WHAT THE TASK ASKS: Exclude the pictures, and otherwise reproduce the data in full.

DATA BELOW:
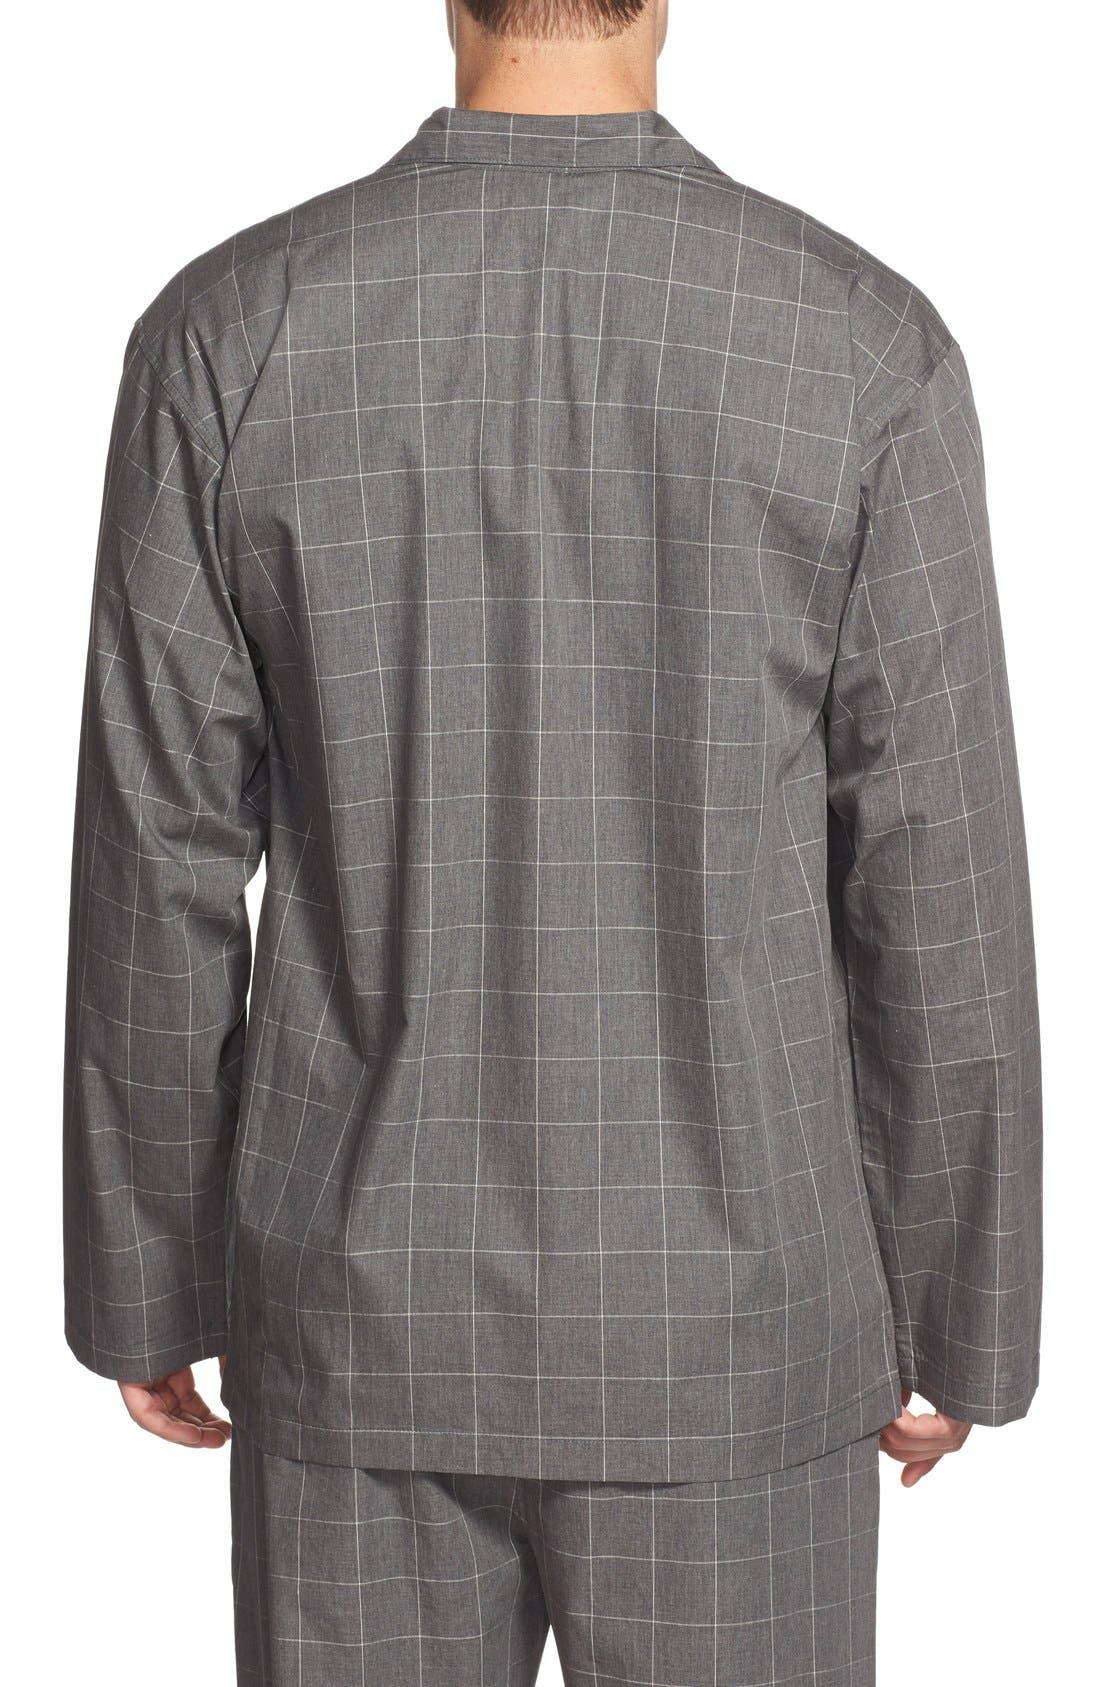 Woven Pajama Top,                             Alternate thumbnail 2, color,                             Charcoal
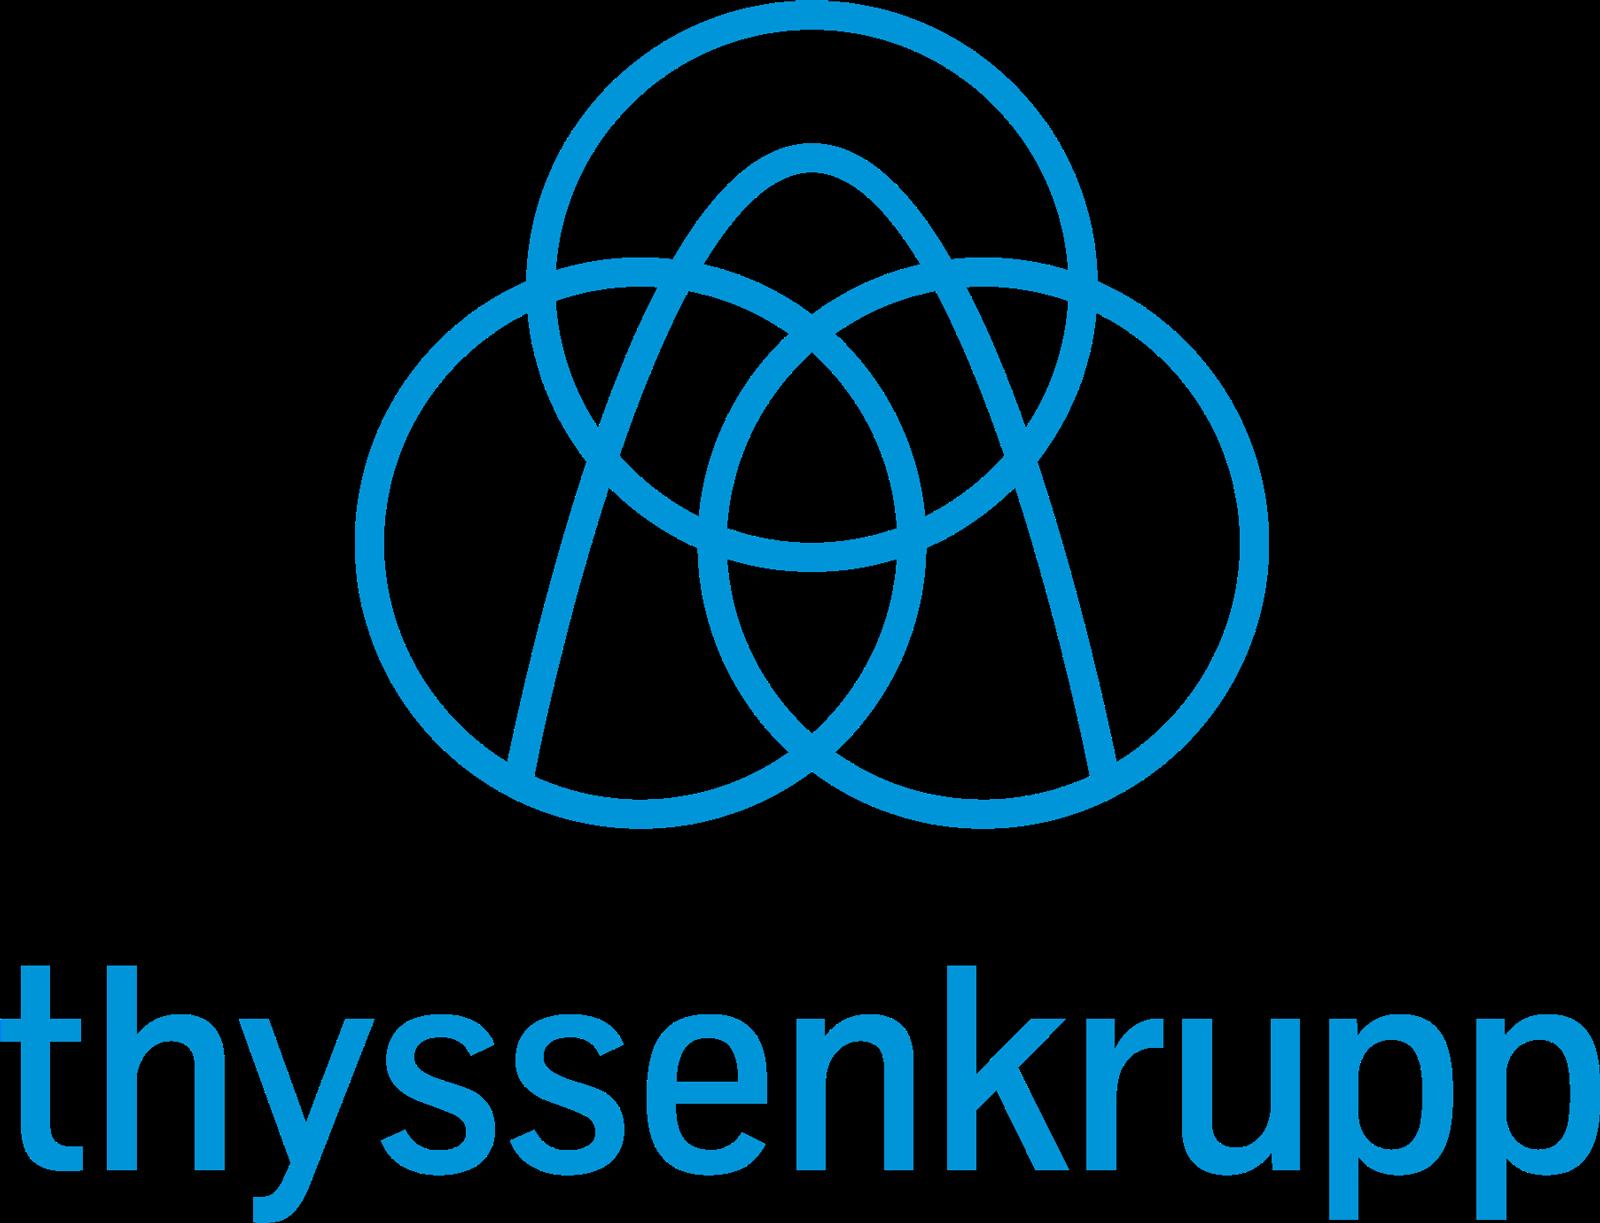 thyssenkrupp System Engineering GmbH
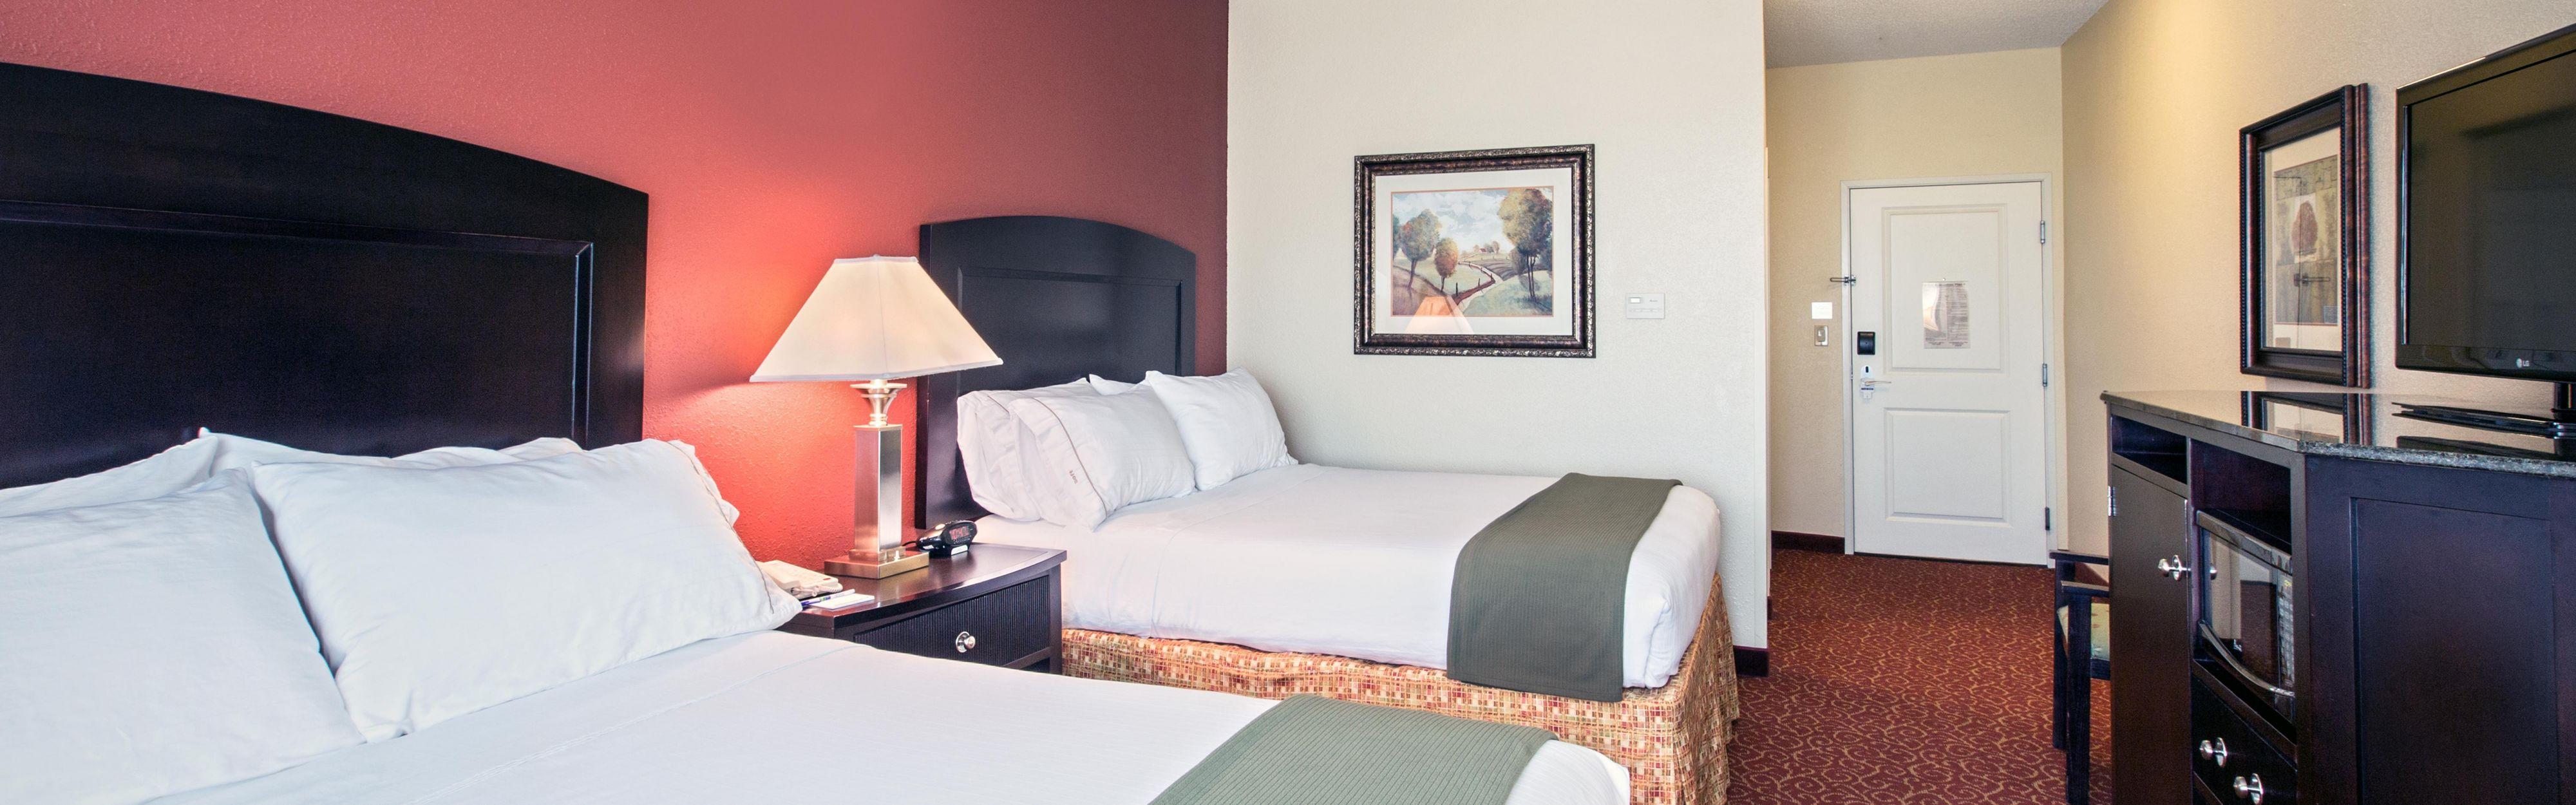 Holiday Inn Express & Suites Vandalia image 1
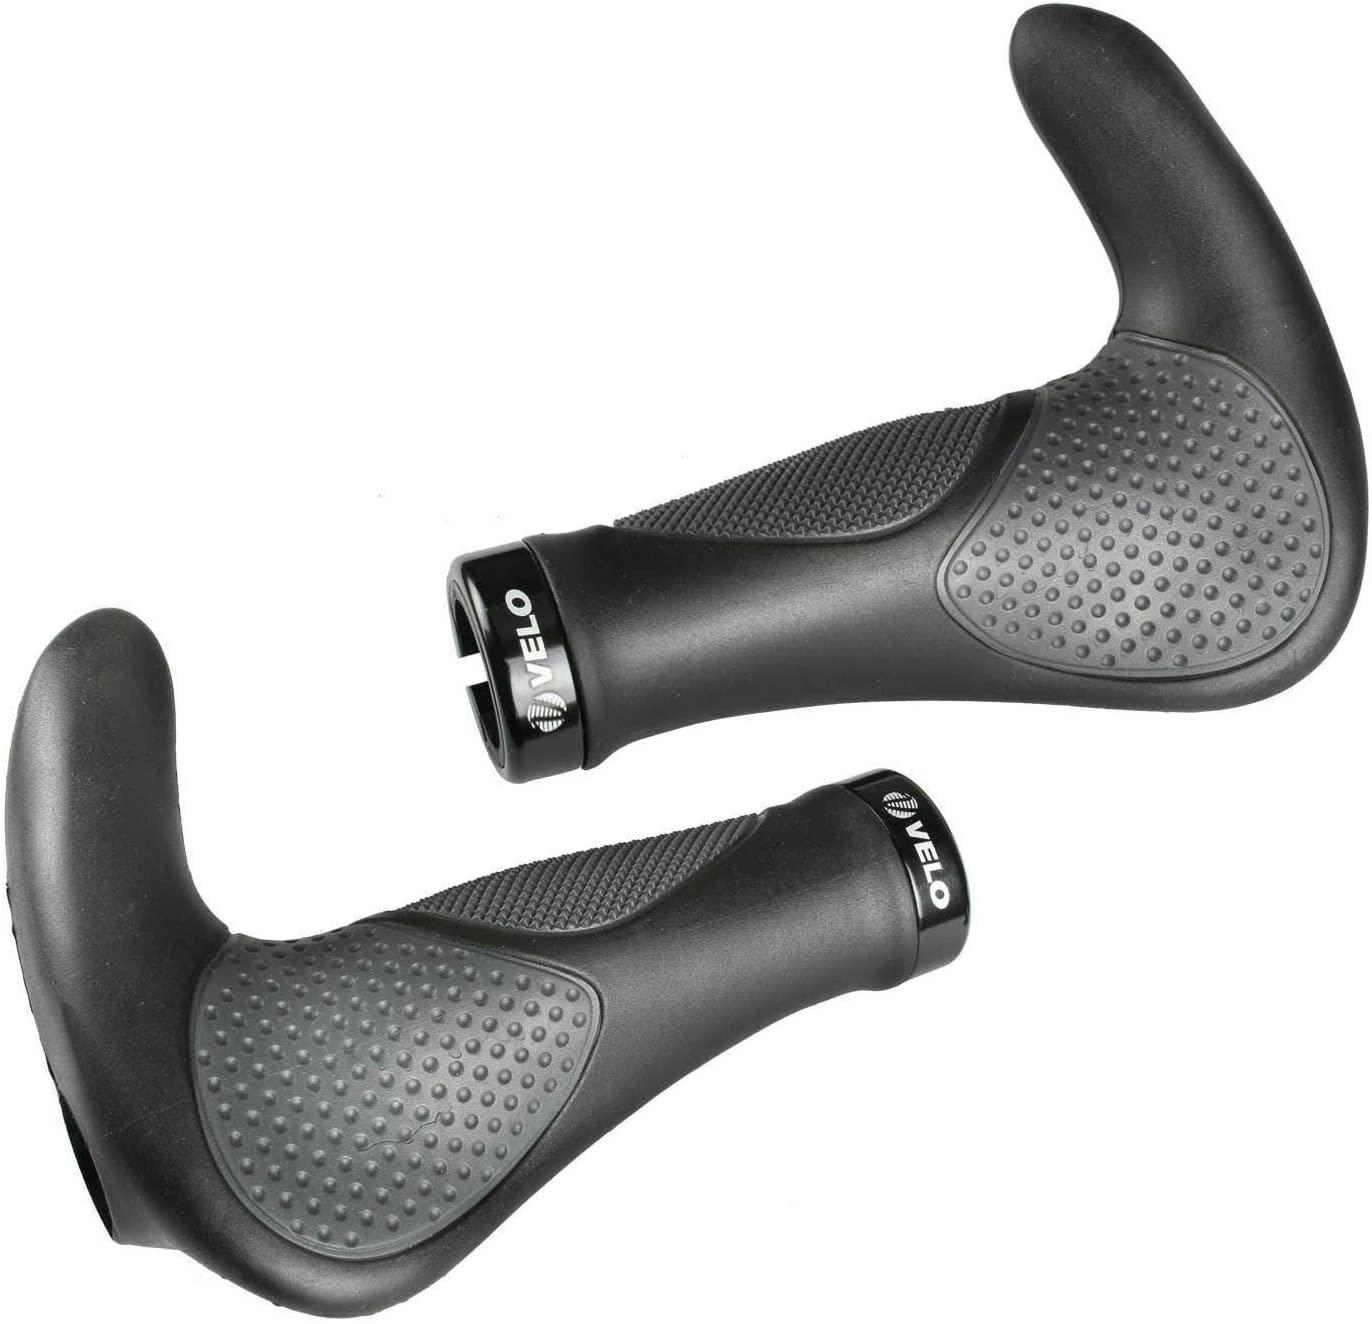 VELO MTB Bike Bicycle Ergonomic Design Grips Handlebar Soft Anti Slip

PROBLEM SOLUTION:
 Woven Pajama Top,                             Alternate thumbnail 2, color,                             Charcoal
 thyssenkrupp System Engineering GmbH
 Holiday Inn Express & Suites Vandalia image 1
 VELO MTB Bike Bicycle Ergonomic Design Grips Handlebar Soft Anti Slip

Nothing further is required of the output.